Exercise prompt =
The answer is to be the lines below that lie between the line holding "02_written-word-calligraphy-wedding-invitation.jpg" and the line holding "Winterinspiration 36", inclusive, transcribed exactly and free of pictures.

Input data =
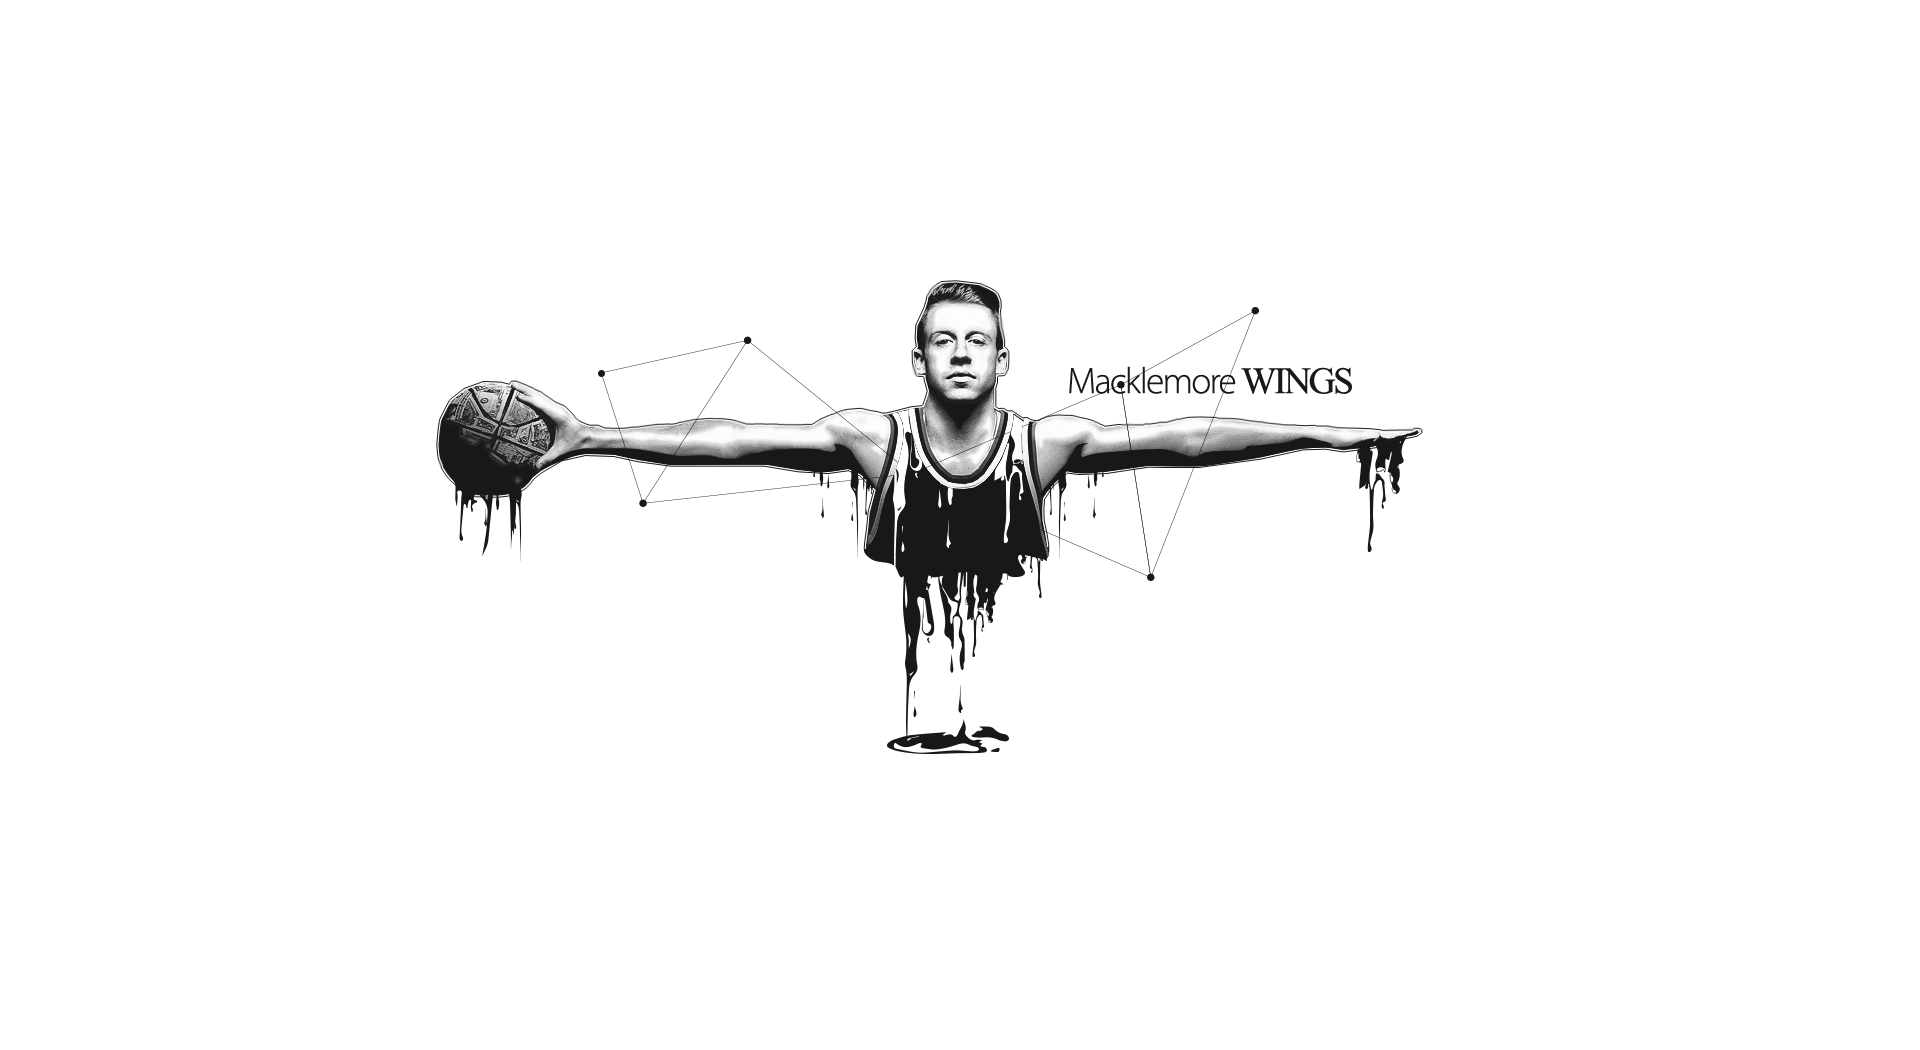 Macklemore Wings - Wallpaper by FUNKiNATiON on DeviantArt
---
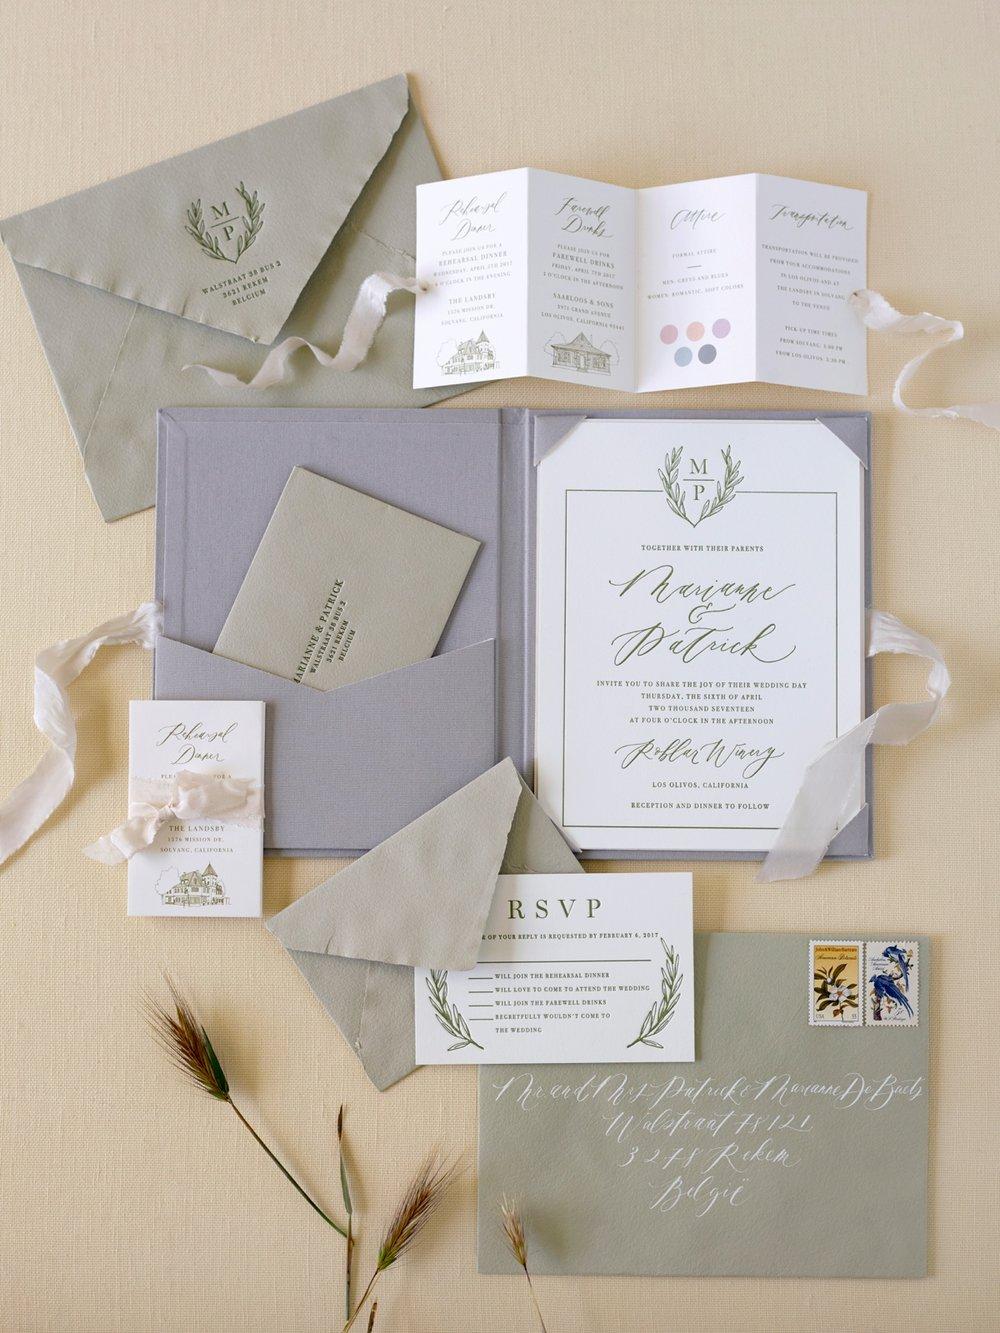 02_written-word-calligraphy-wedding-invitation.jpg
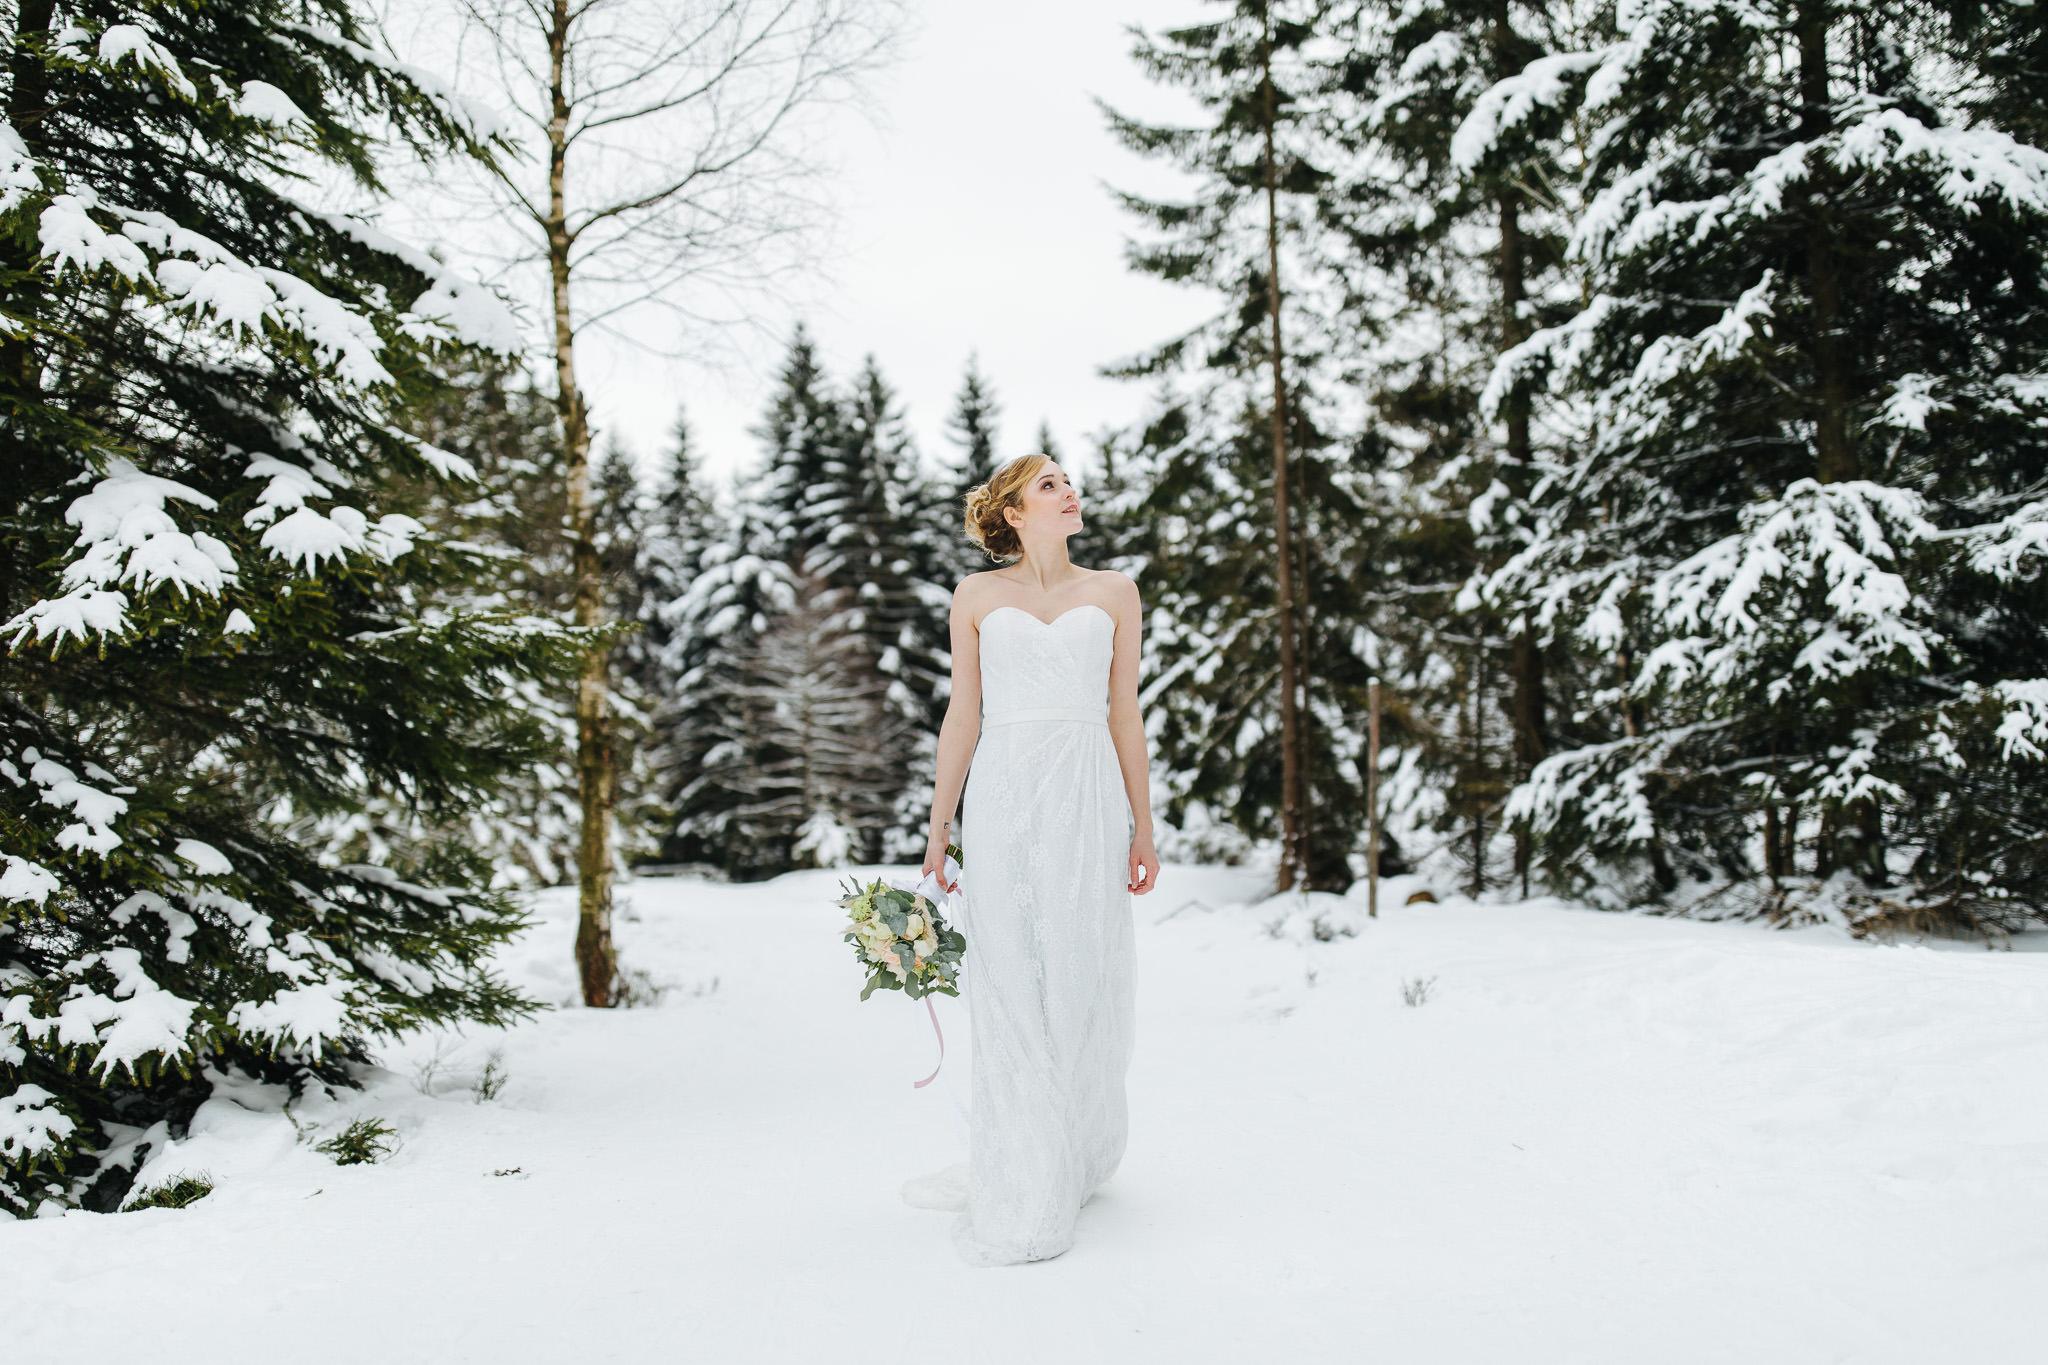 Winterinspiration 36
* * *
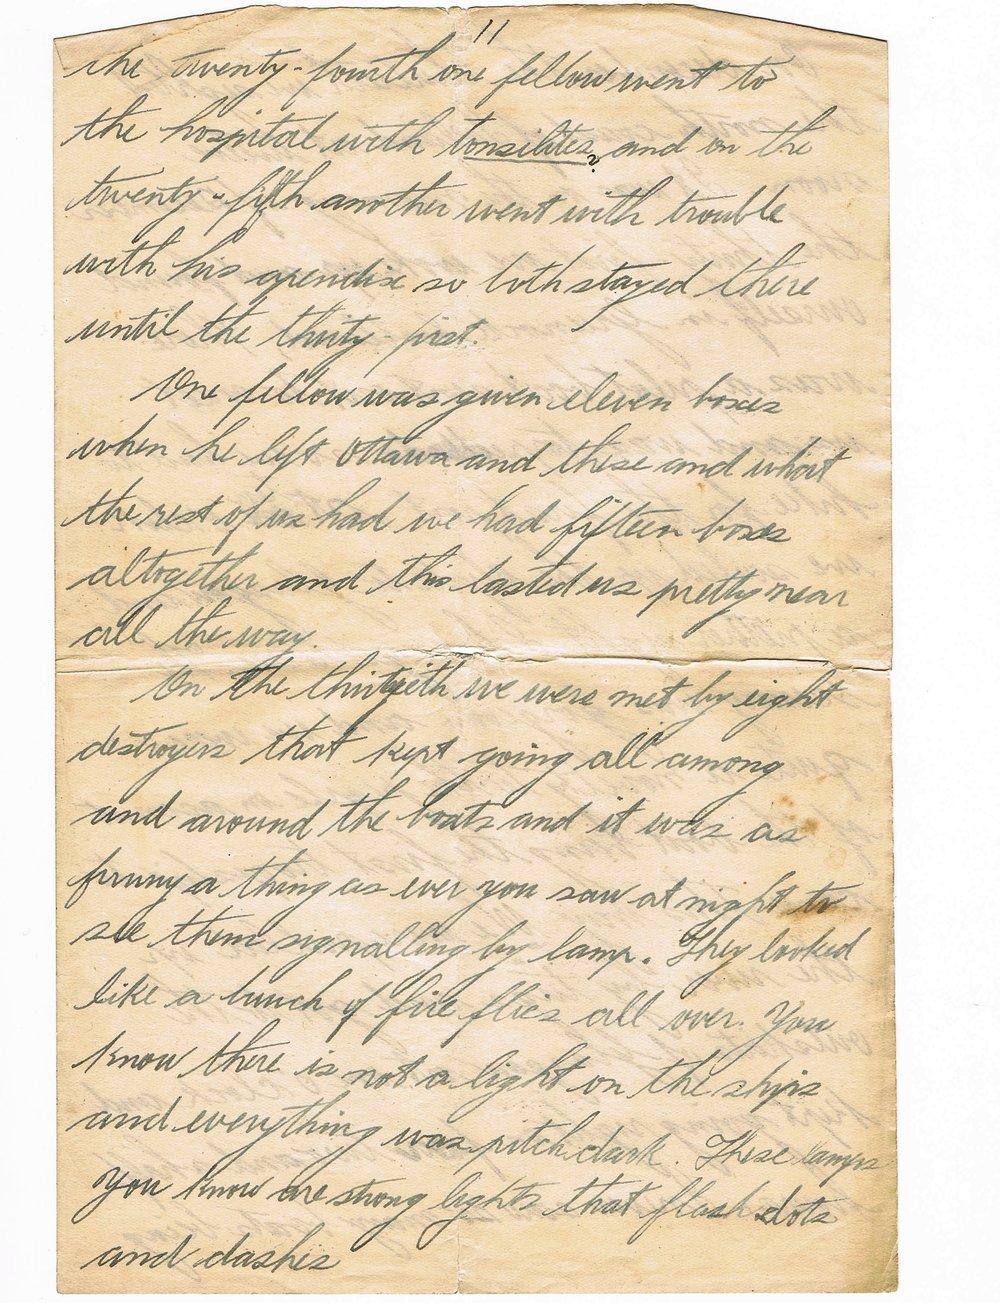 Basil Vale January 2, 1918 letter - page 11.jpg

Solution =
 02_written-word-calligraphy-wedding-invitation.jpg
 Winterinspiration 36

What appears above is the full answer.